La Déclaration d’Indépendance d’Israël énonce que le peuple juif est apparu en Terre d’Israël, puis qu’il aurait a été exilé de sa patrie natale. Tout élève israélien apprend, à l’école primaire, que ce que cela se serait produit durant la domination romaine, en l’an 70 après J.C. Après quoi, la nation juive serait restée fidèle à sa terre, dans laquelle elle aurait commencé à retourner, après deux millénaires d’exil.

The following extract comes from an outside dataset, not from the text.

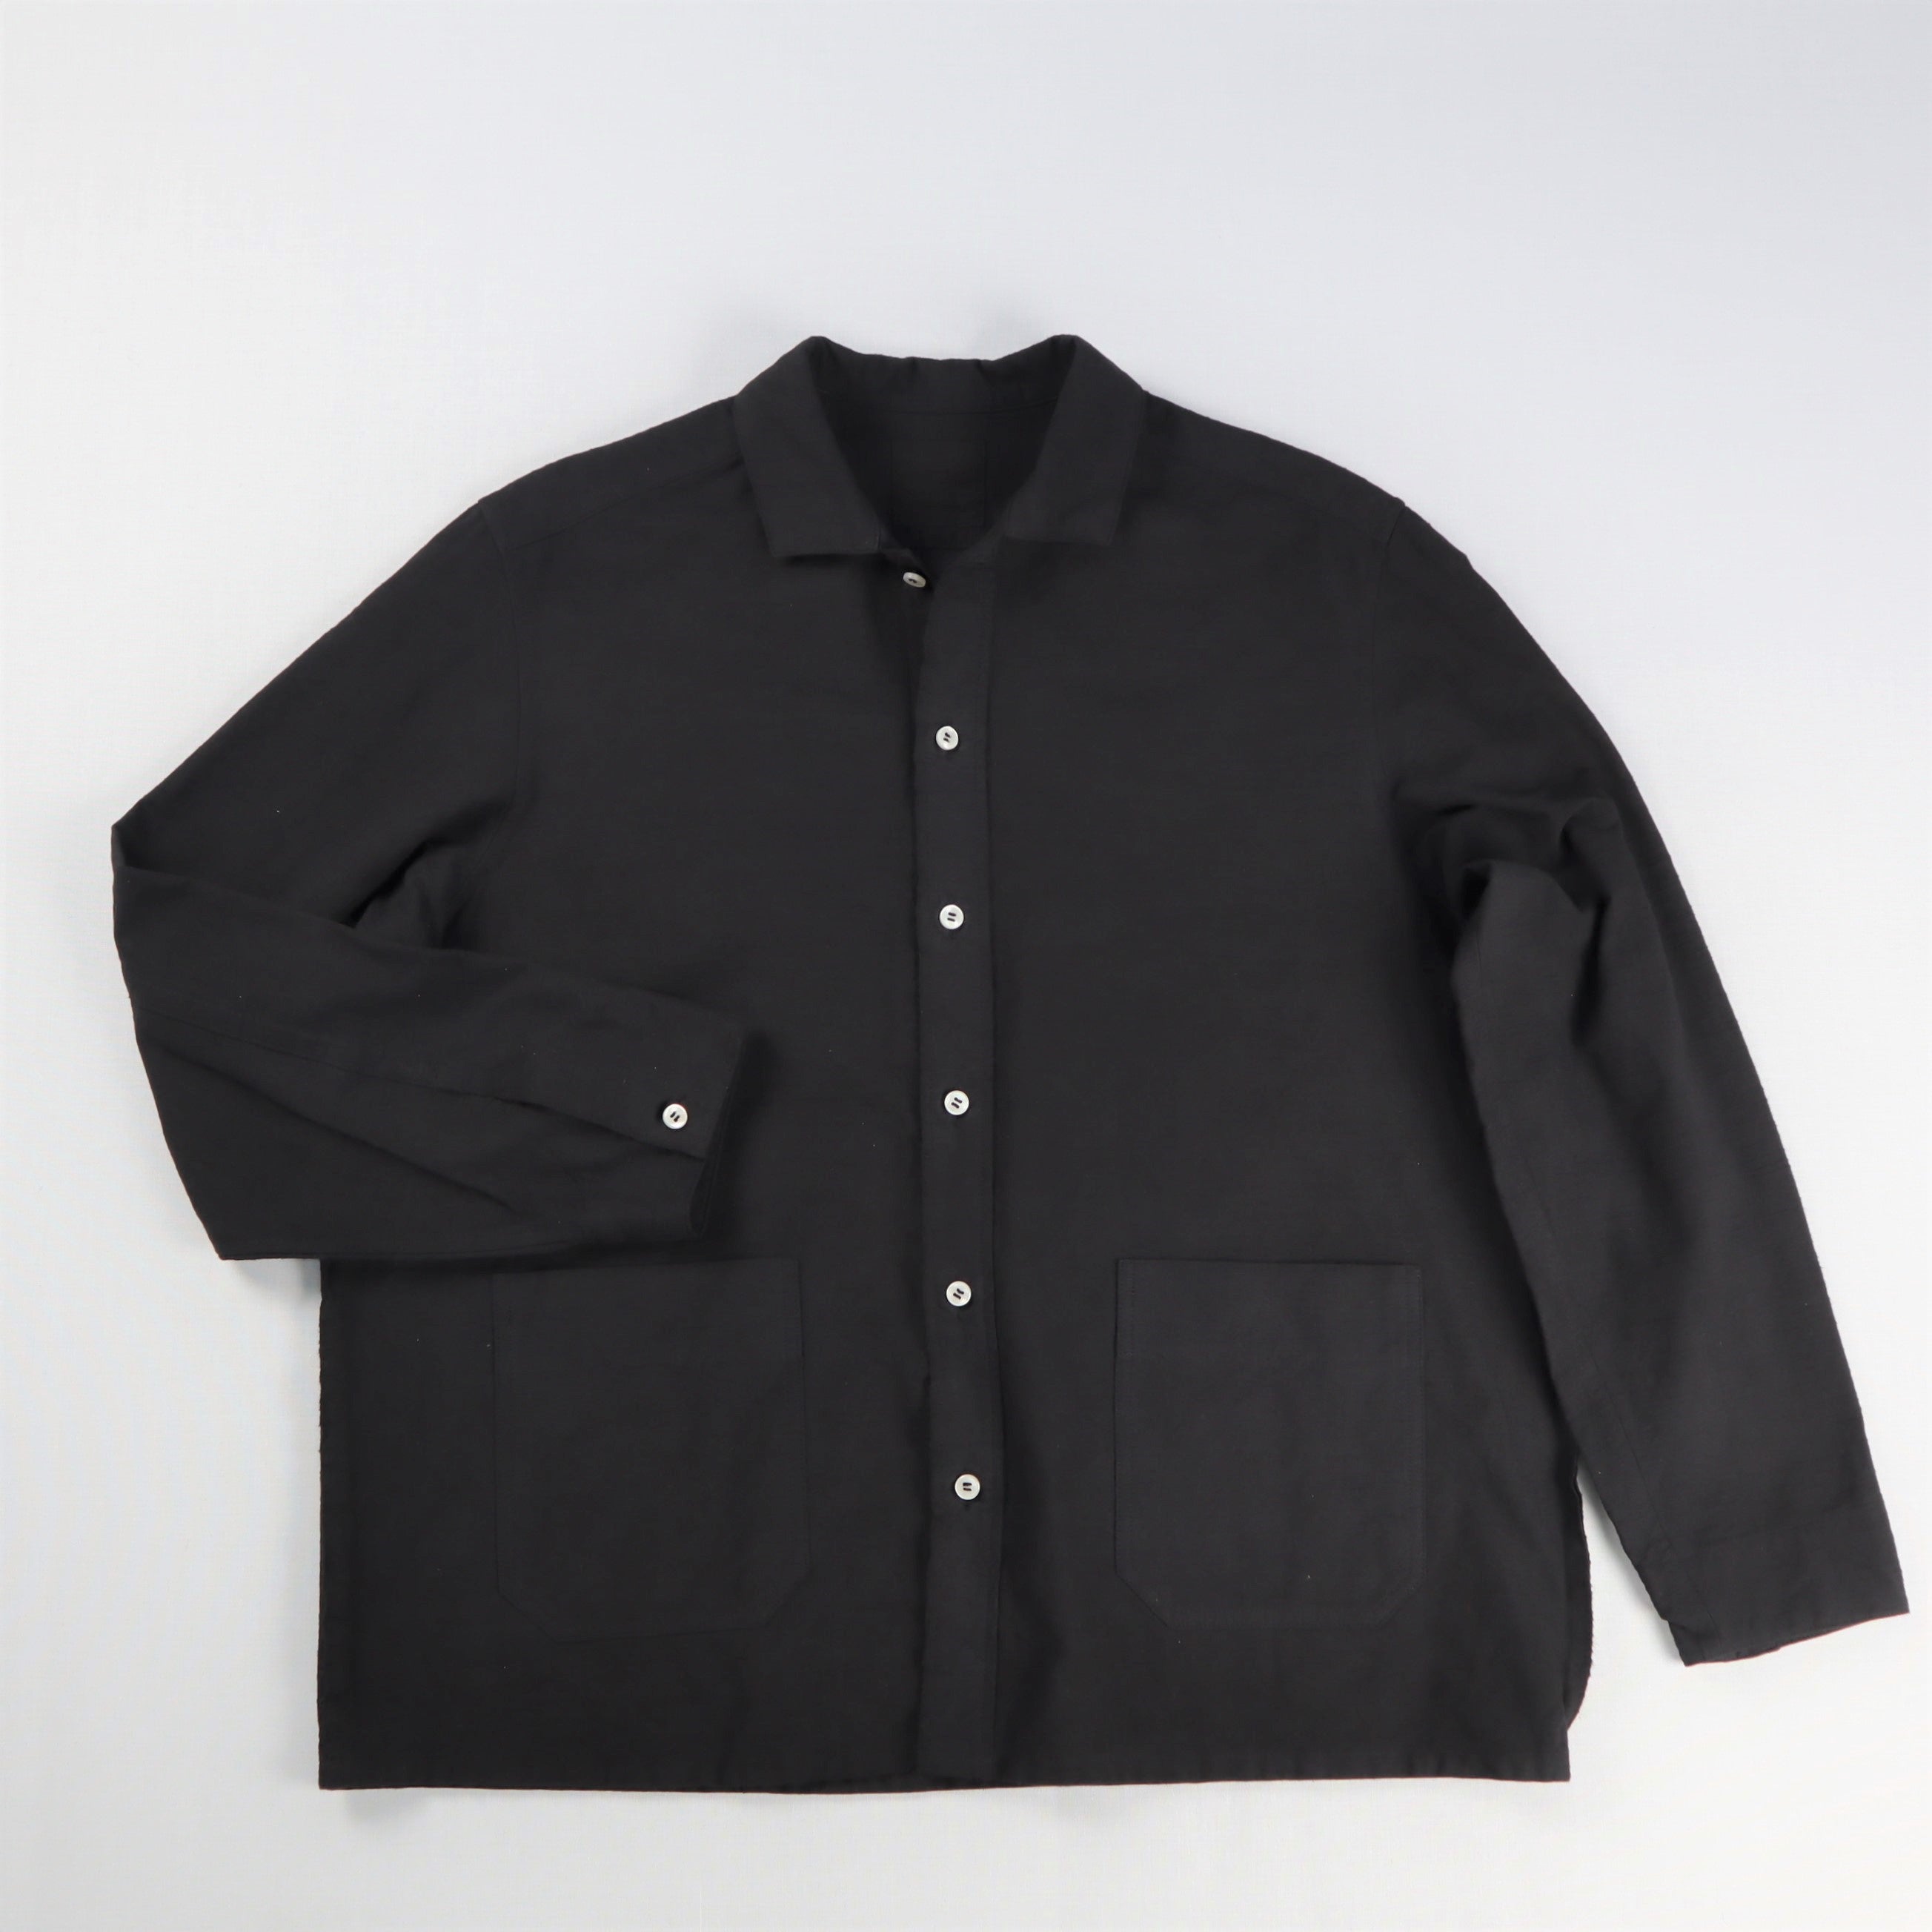 知多木綿 黒染め オープンカラーシャツジャケット カバーオール

« Faux », dit l’historien Shlomo Zand, dans un des ouvrages les plus fascinants - et les plus dérangeants - à avoir été publiés, ici (en Israël), depuis bien longtemps. « Il n’y a jamais eu de « peuple juif », mais seulement une religion juive, et l’exil, lui non plus, ne s’est jamais produit - par conséquent, comment parler de « retour » » ?? Zand rejette la plupart de ces histoires autour de la formation d’une identité nationale, dans la Bible, et notamment l’exode d’Egypte, ainsi (on ne s’en plaindra pas) que les horreurs de la conquête (de Canaan, la Palestine, ndt) sous les ordres de Josué. « Tout ça, c’est de la fiction, c’est une mythologie qui a servi de prétexte à la création de l’Etat d’Israël », affirme-t-il.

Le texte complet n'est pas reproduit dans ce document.